Les ravages du Xanax contrefait prennent de l’ampleur à Montréal, préviennent des experts

De plus en plus présent sur le marché noir, le Xanax, un médicament contre l’anxiété, menace de devenir la « prochaine crise sociale », craignent des intervenants travaillant en dépendance. Dans les rues, le Xanax fait déjà beaucoup de ravages : l’an dernier, les ambulanciers sont intervenus plus que jamais pour des signalements liés à cette substance, potentiellement mortelle.

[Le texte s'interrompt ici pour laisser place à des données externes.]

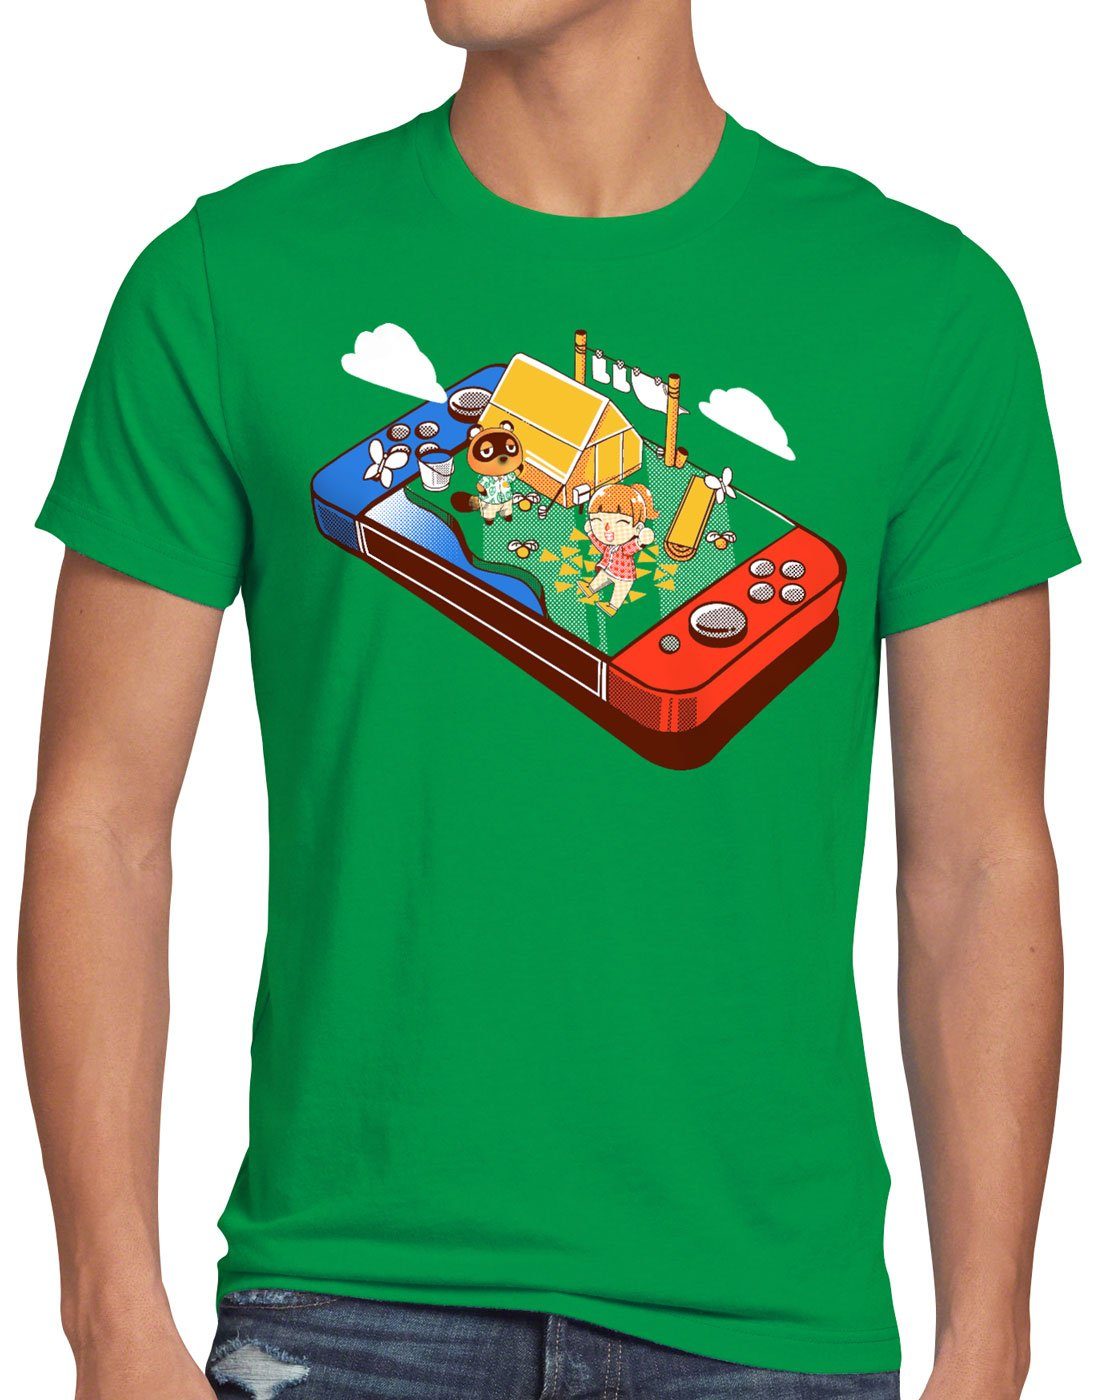 Print-Shirt grün T-Shirt animal videospiel Pocket Herren style3 switch horizons Crossing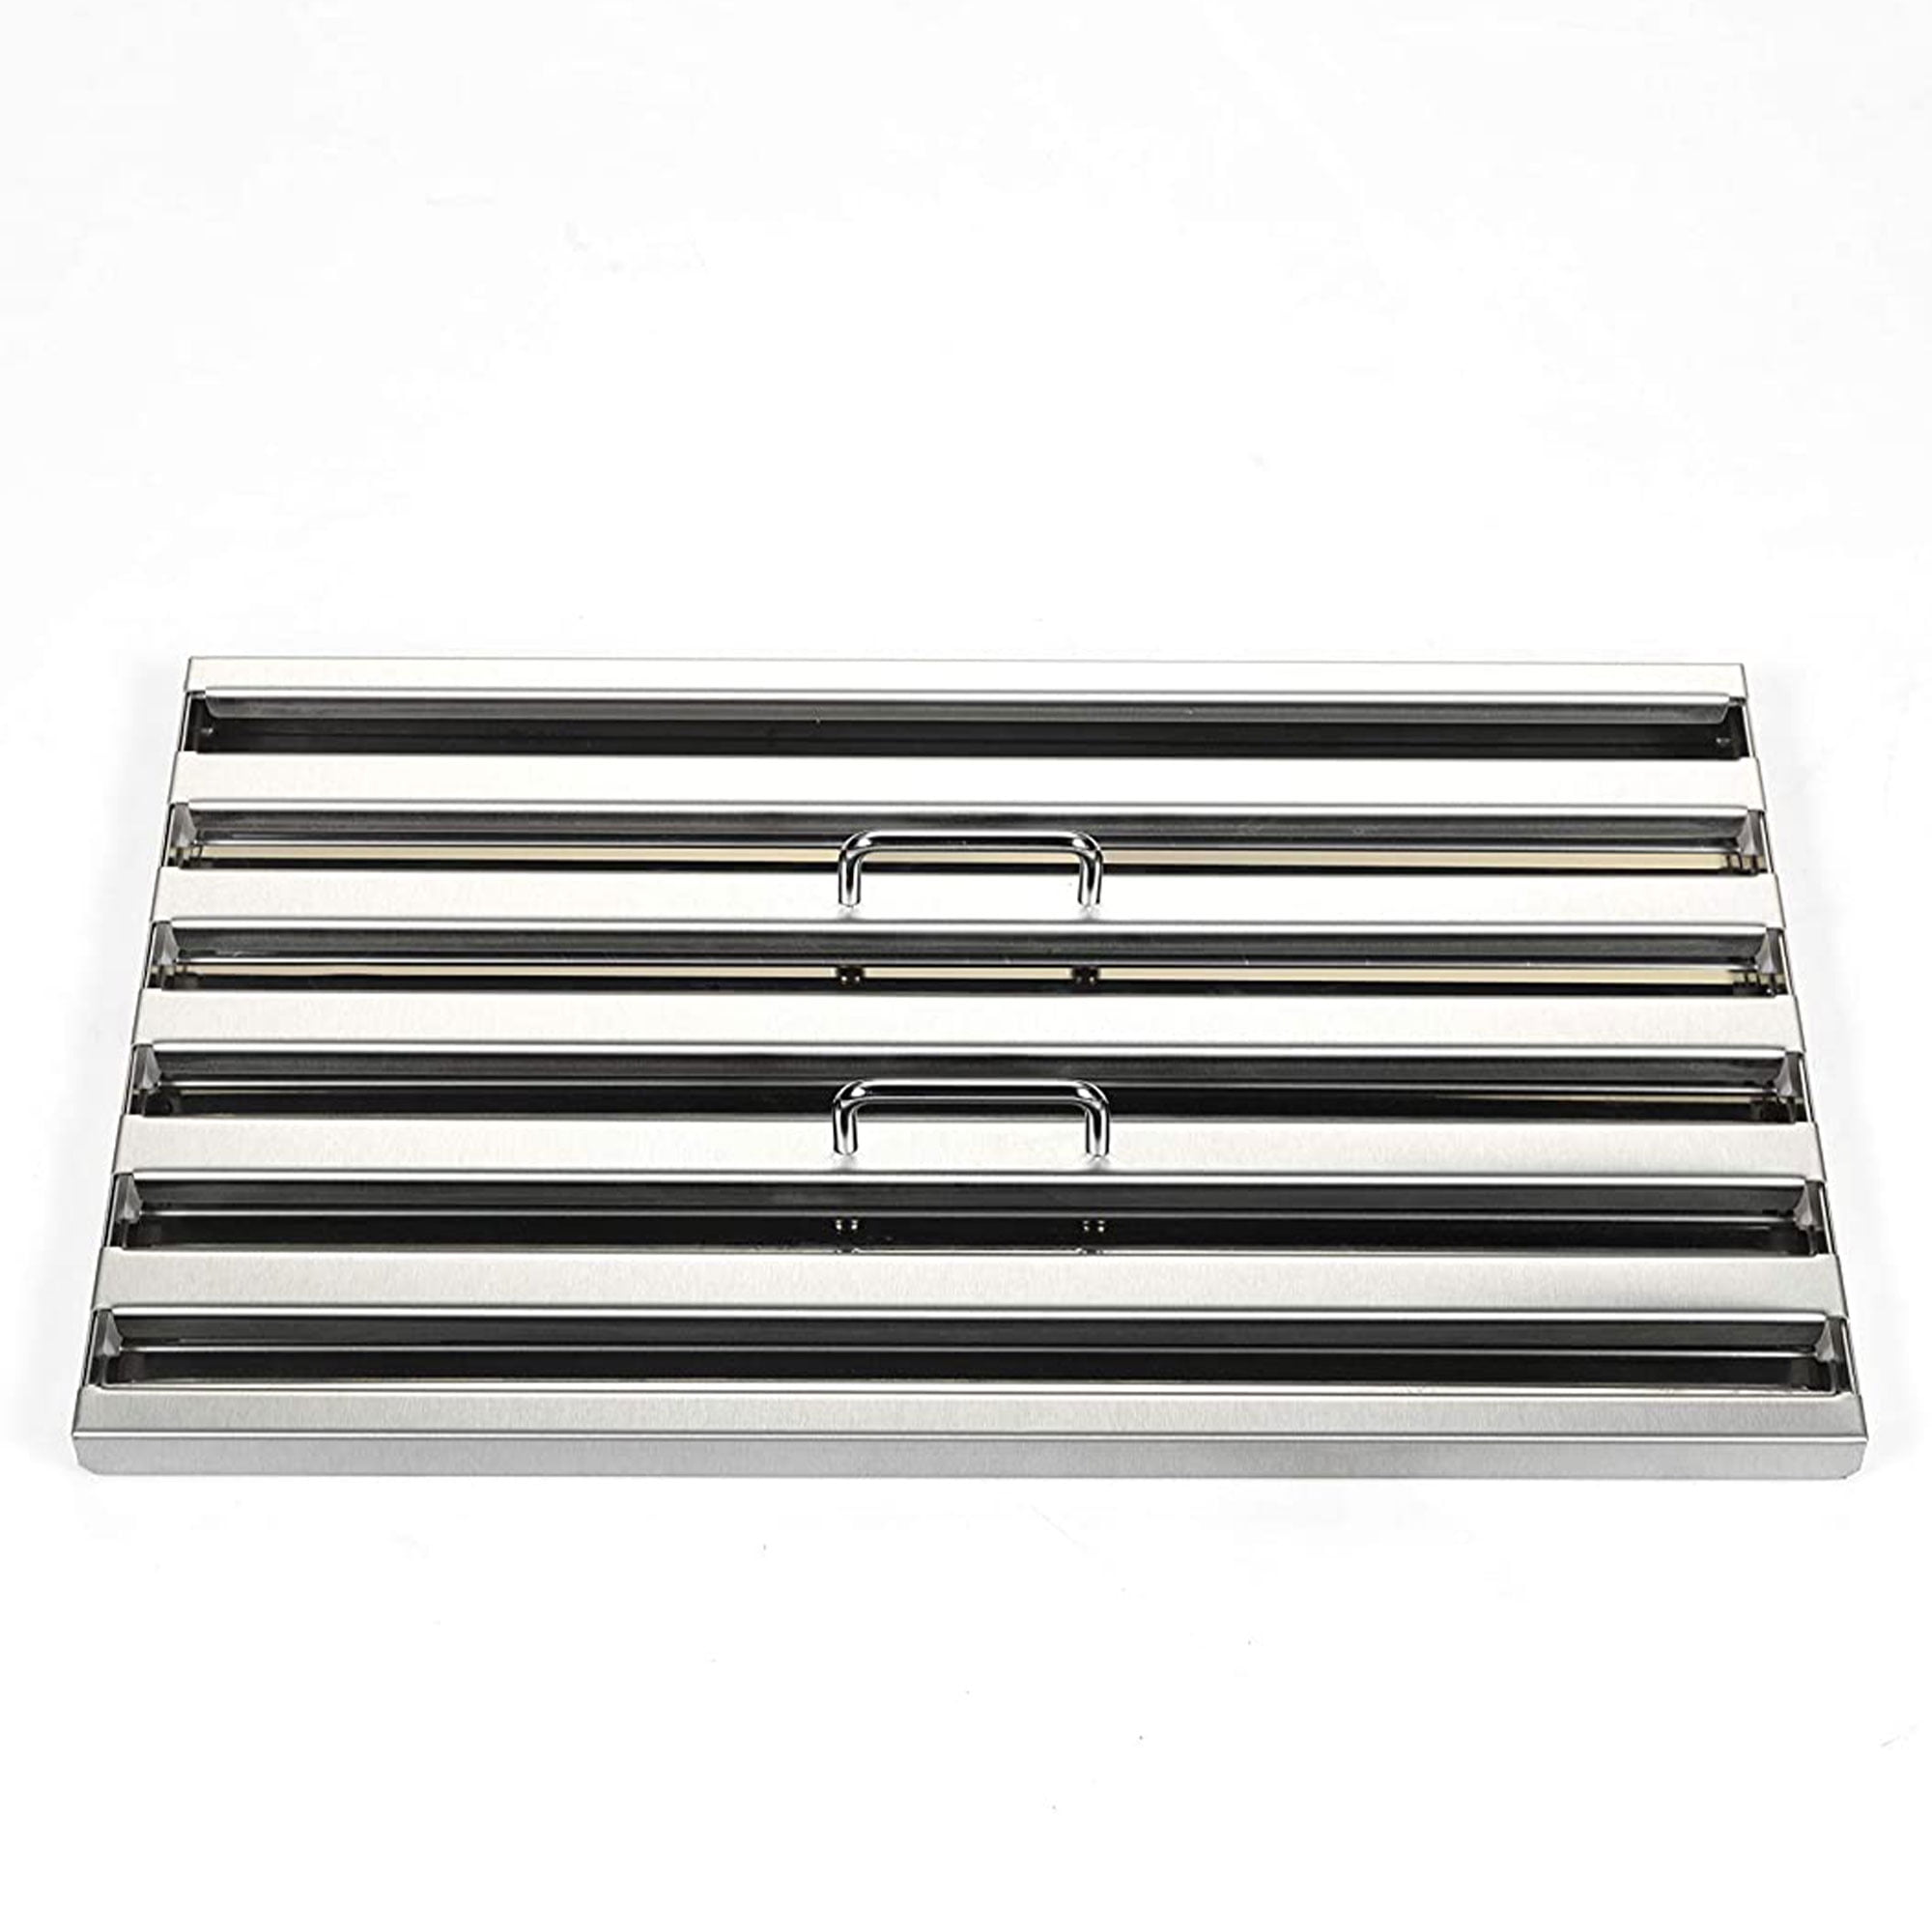 NXR - EH Professional Style Under Cabinet Range Hood, Stainless Steel

« Tu arrêtes de vivre quand tu consommes ça, plus rien ne me dérangeait », raconte Éric Tremblay, qui a arrêté de consommer du Xanax il y a environ quatre ans. « Ça me faisait trop du bien », mais ce médicament est un couteau « à double tranchant », poursuit M. Tremblay. « Ça peut t’aider au moment où tu en as besoin, mais à la longue, ça crée une assez forte dépendance », prévient-il.

L’an dernier, le nombre de signalements faits à Urgences-santé en lien avec le Xanax est monté en flèche, passant de 106 appels en 2019 à 144 en 2020. Cette année, les appels liés à cette substance s’élevaient à 96 en date du 3 novembre, selon des chiffres obtenus par La Presse.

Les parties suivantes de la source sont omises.